I’ve been spraying kudzu with a kudzu specific herbicide for Saluda Community Land Trust for the past six or seven years, so I can spot one kudzu vine a mile away and deal with it quickly. But some jobs are big jobs, and getting the kudzu under control takes at least four years. It is of great satisfaction when we look at a parcel of land that was once covered with kudzu but is now kudzu free, covered with all sorts of other shrubs and young trees. Just don’t give up.

Now I will tell you the real reason why I chose to write about kudzu this month.

I see a lot of kudzu growing on a lot of land that is owned by someone who does not seem to be doing anything about it. Kudzu wants to survive (for that I have great respect) and kudzu left to its own devices WILL survive at the expense of everything in its way.

Kudzu is starving for sunlight, which is why it covers trees and shrubs and open embankments, resulting in death for everything that it suffocates. The only animal that seems to live under kudzu is groundhogs because there is nothing to eat beneath the kudzu; it’s nothing but bare earth.

But these landowners who do nothing but complain about the kudzu do nothing, and the kudzu keeps growing. Is it apathy? Or do these landowners think that they have no power to control the kudzu, that the plant is bigger than them. Or, do they think that the kudzu will not adversely affect the resale value of their land?

I can answer that question right off! A lot with a tax appraisal of $67,000 just sold in Saluda for $42,000. The landowner chose to not act when the Saluda Community Land Trust offered to put kudzu-eating goats on the lot if she would pay for the fencing, which would cost about $1,000. Have you ever heard of the saying “Penny wise and pound foolish”? The decision to do nothing cost her about $20,000 three years later.

When dealing with kudzu, it pays to understand the plant. These facts are very important:

• Kudzu vines always climb upwards left to right

• They cannot climb around anything greater than 8 ½ inch in diameter

• They cannot climb over top of itself more than 4 ½ feet off the ground

If you start watching carefully you will learn how your kudzu is growing, where it originates, and you can figure out how to contain it, and kill it!  It grows at a rate of 6 inches a day, but it has to start somewhere.

You can spray now with a kudzu specific herbicide. Cut it back and out of the trees this fall; then you can see where the new growth starts in May.

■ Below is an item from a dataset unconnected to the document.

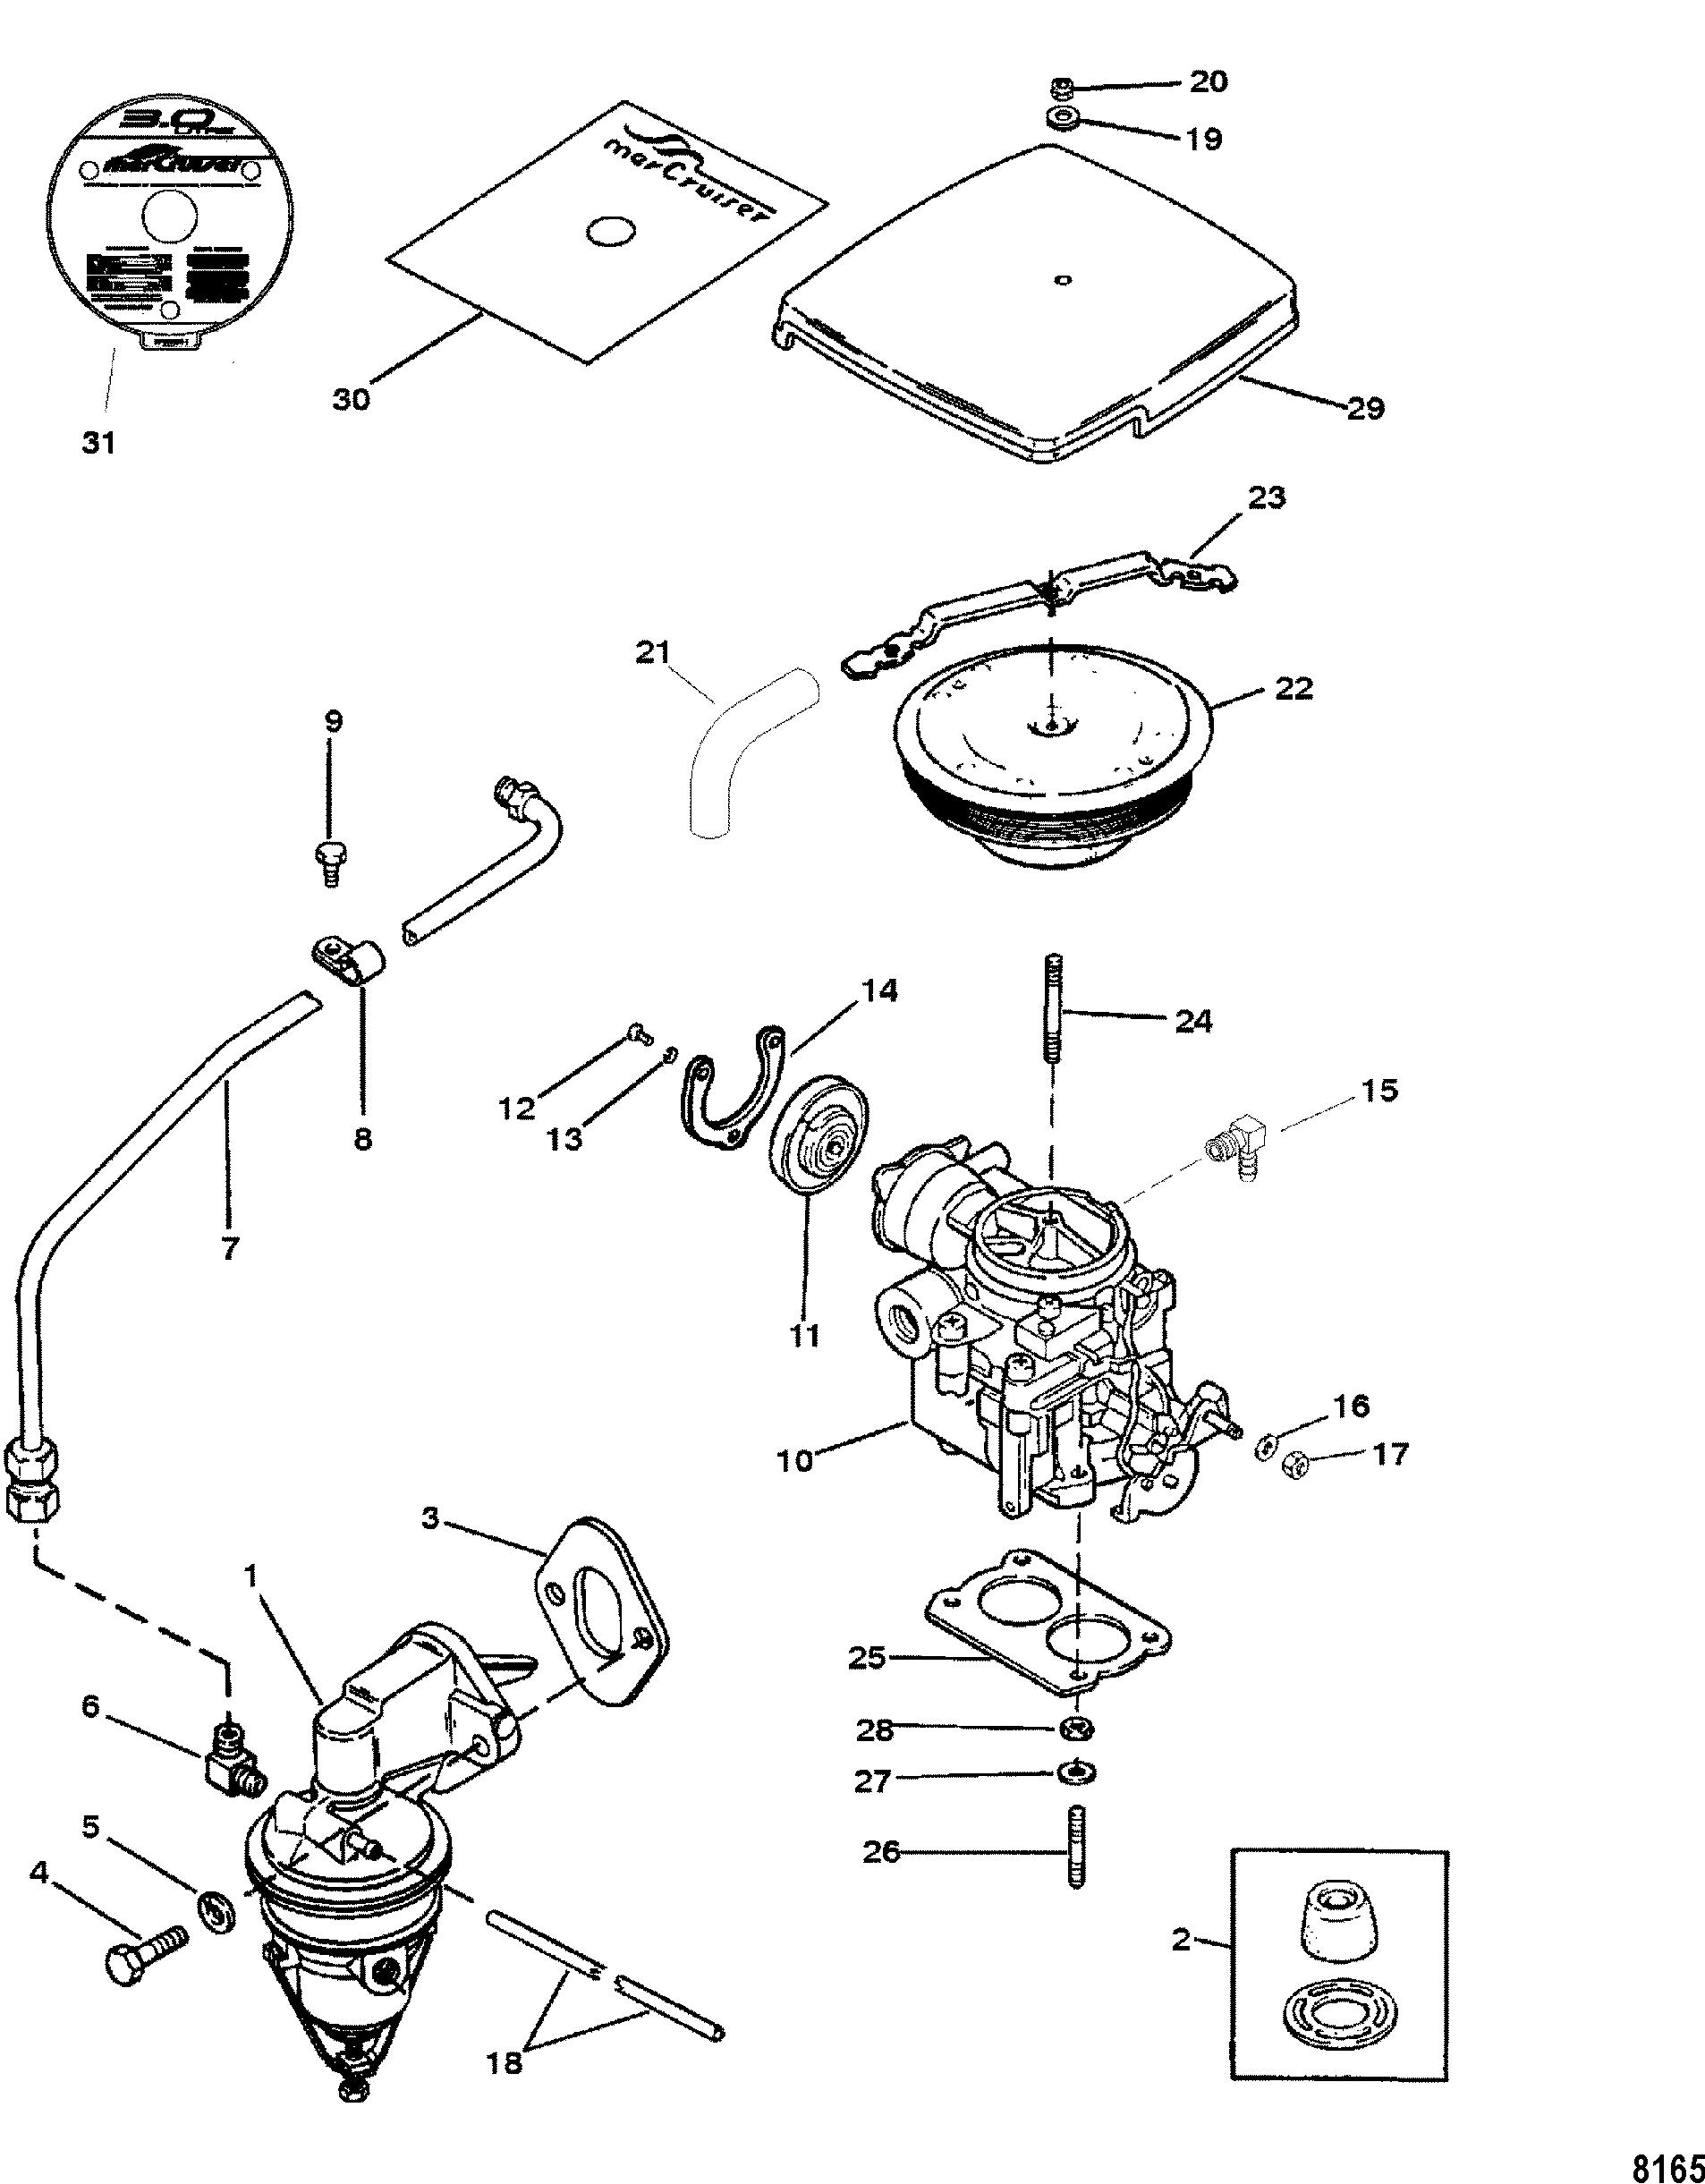 Fuel Pump And Carburetor For Mercruiser 3 0l Lx Alpha One

Then attack the main roots with gusto, by digging out the crowns or cutting the vines and painting Transline or Lontrel on the fresh cut.

And don’t fool yourself into thinking that one attack will do. Kudzu WANTS to live! Each year you may kill 50 percent of what you have growing, which means that after two or three years, all you’ll have is a few surviving roots. But that’s all it takes for kudzu to start all over again. You have to keep watching, being ever vigilant!

But we are smarter than kudzu, I promise. All we have to do is care, and stick with it.

Do you love your land, and your trees? Then take care of it, and protect it from predators.

Kudzu is a predator, and it needs to go!